This is the fundamental follow-up beyond #277 and #281.

  • #277 moved dispatch authority out of DispatchContext / DispatchState and onto machine-owned VM state
  • #281 tracks the remaining immediate compromise around dispatch-root reachability

This issue is broader:

Redesign continuations so they carry enough machine-owned control state to resume as first-class suspended computations, aligned as closely as practical with the OCaml 5 model.

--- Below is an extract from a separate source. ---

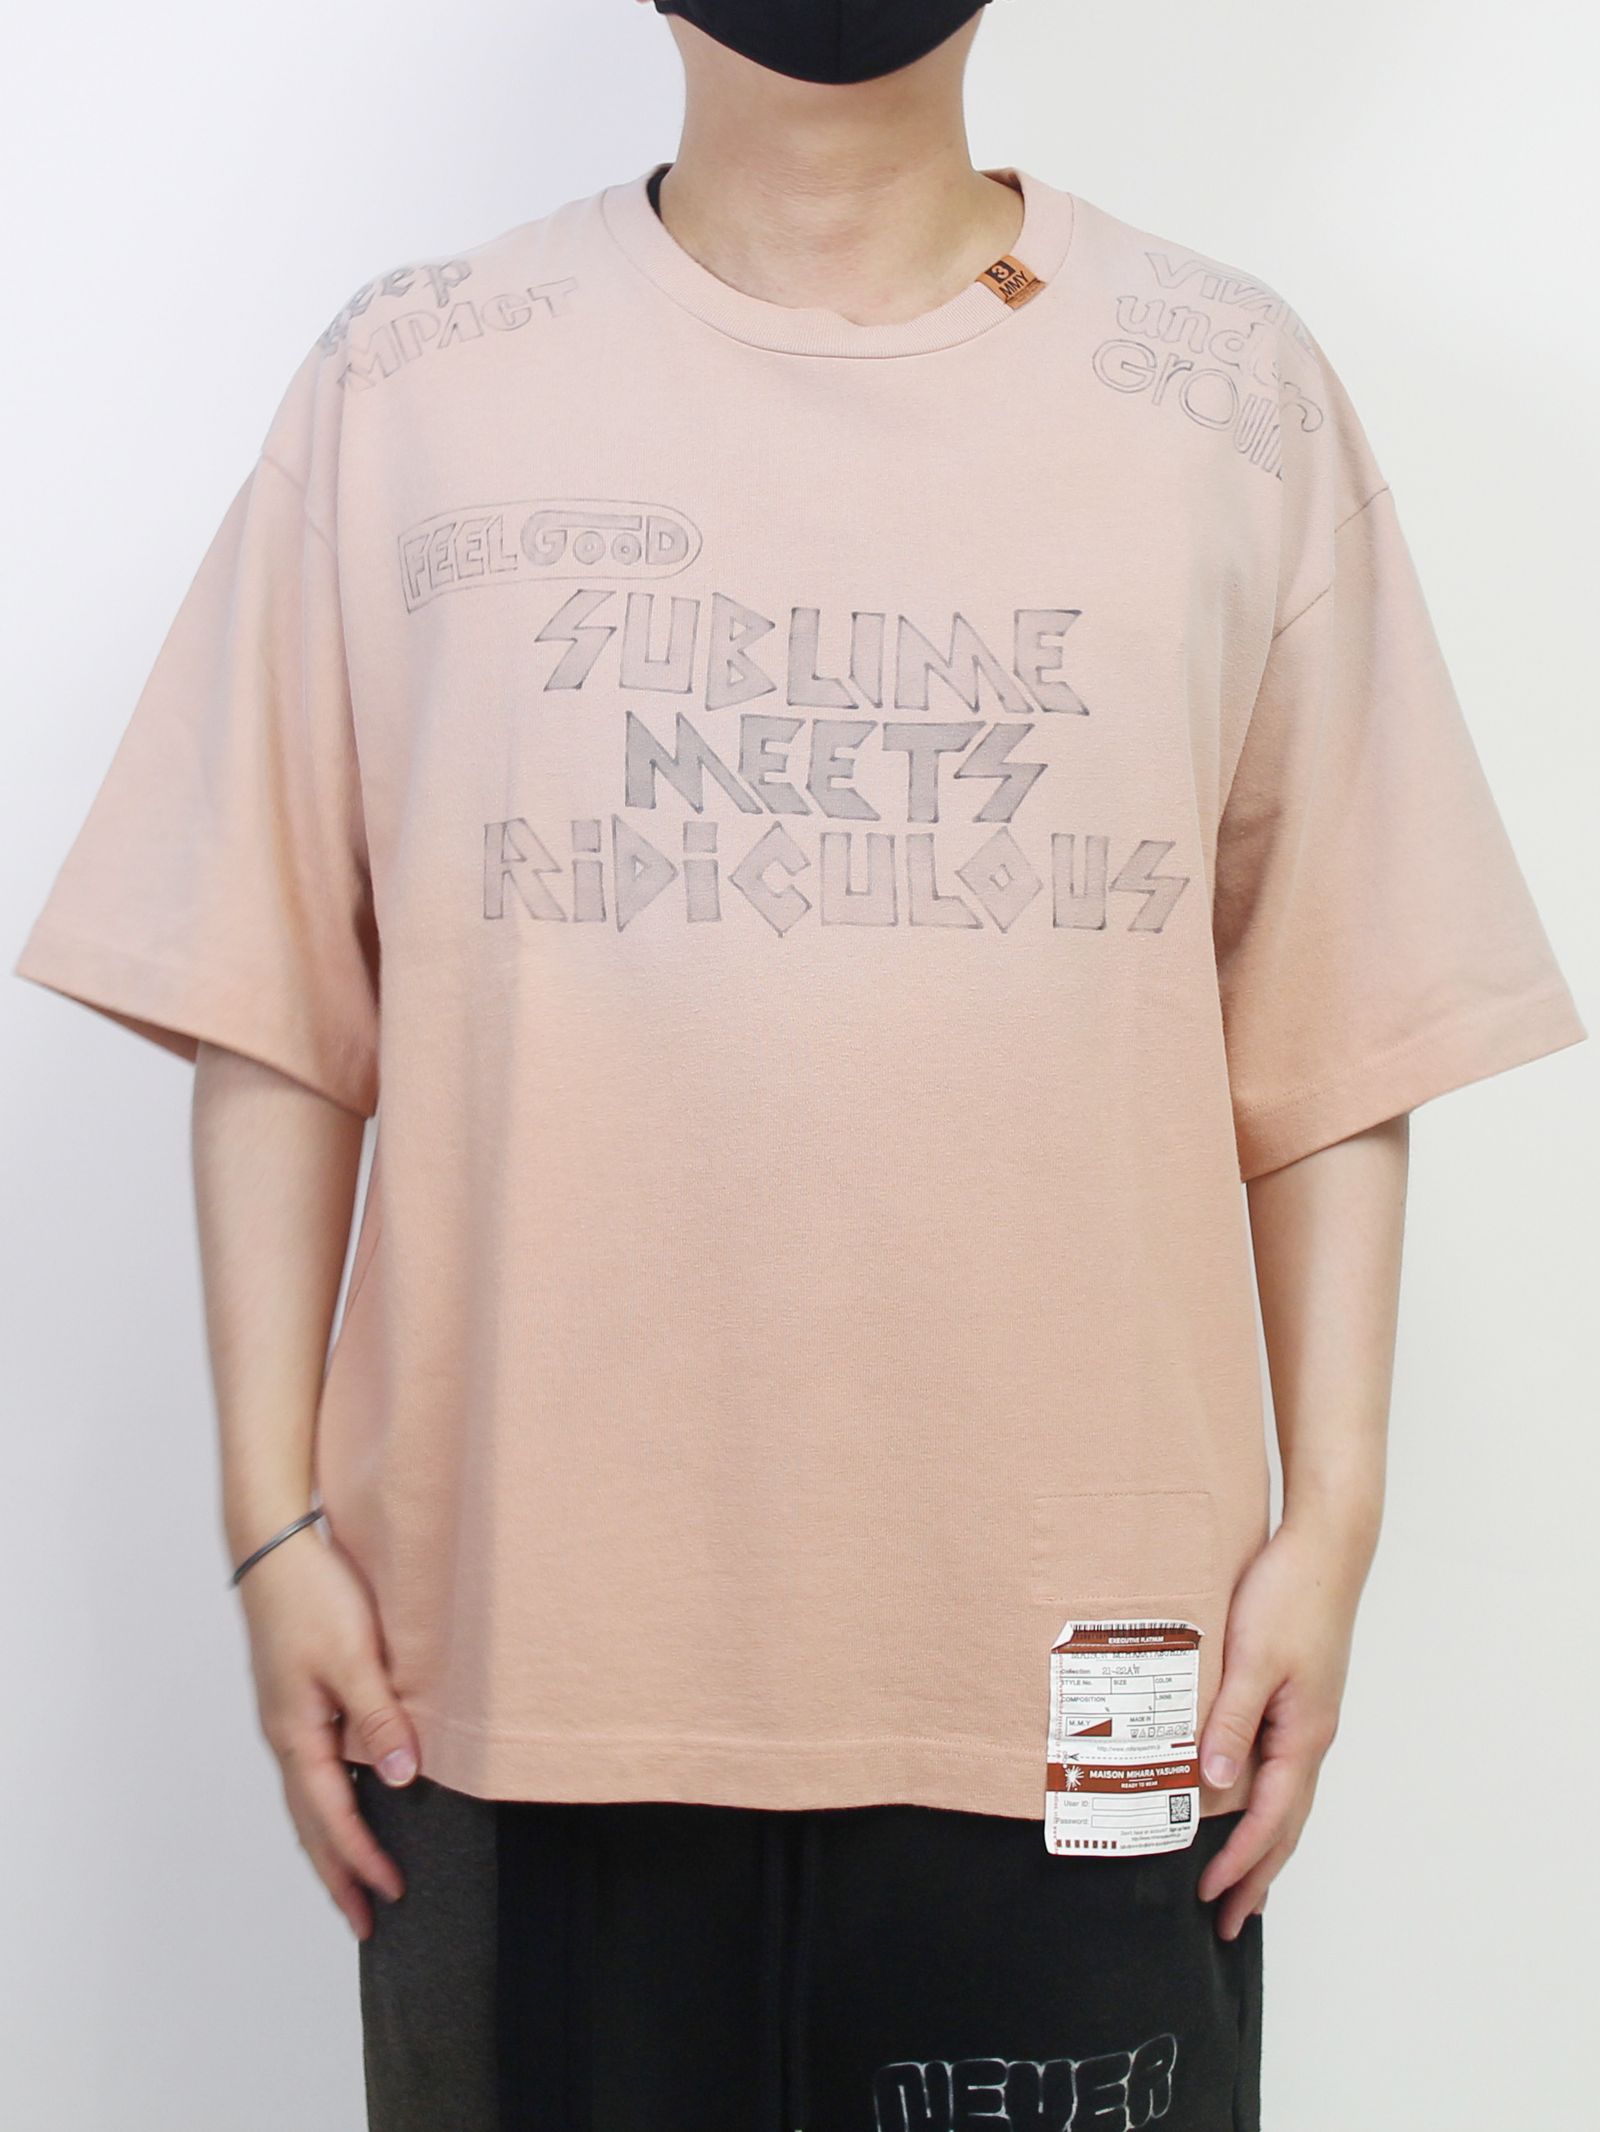 Maison MIHARA YASUHIRO - S.M.R Printed T-shirt - プリントTシャツ

The point is not merely to delete one map or add better resume patches.
The point is to eliminate the architectural reason ad hoc resume reconstruction was needed in the first place.

Context

The runtime is already much cleaner than before:

  • DispatchContext is gone as runtime authority
  • DispatchState is gone
  • dispatch is modeled by machine-owned Frame::Dispatch(...)
  • transient HandlerDispatch wrapper frames are gone
  • handler completion now routes through an explicit handler boundary frame
  • traceback repair heuristics were reduced by moving more truth into Rust-side trace emission
  • the suite has reached green states repeatedly during this work

Current core validation baseline remains:

  • make sync
  • cargo check -q -p doeff-vm --manifest-path packages/doeff-vm/Cargo.toml
  • uv run pytest -q

Clarification: The Real Remaining Problem

The remaining problem is not just where a lookup map lives.
It is how the VM represents a suspended computation.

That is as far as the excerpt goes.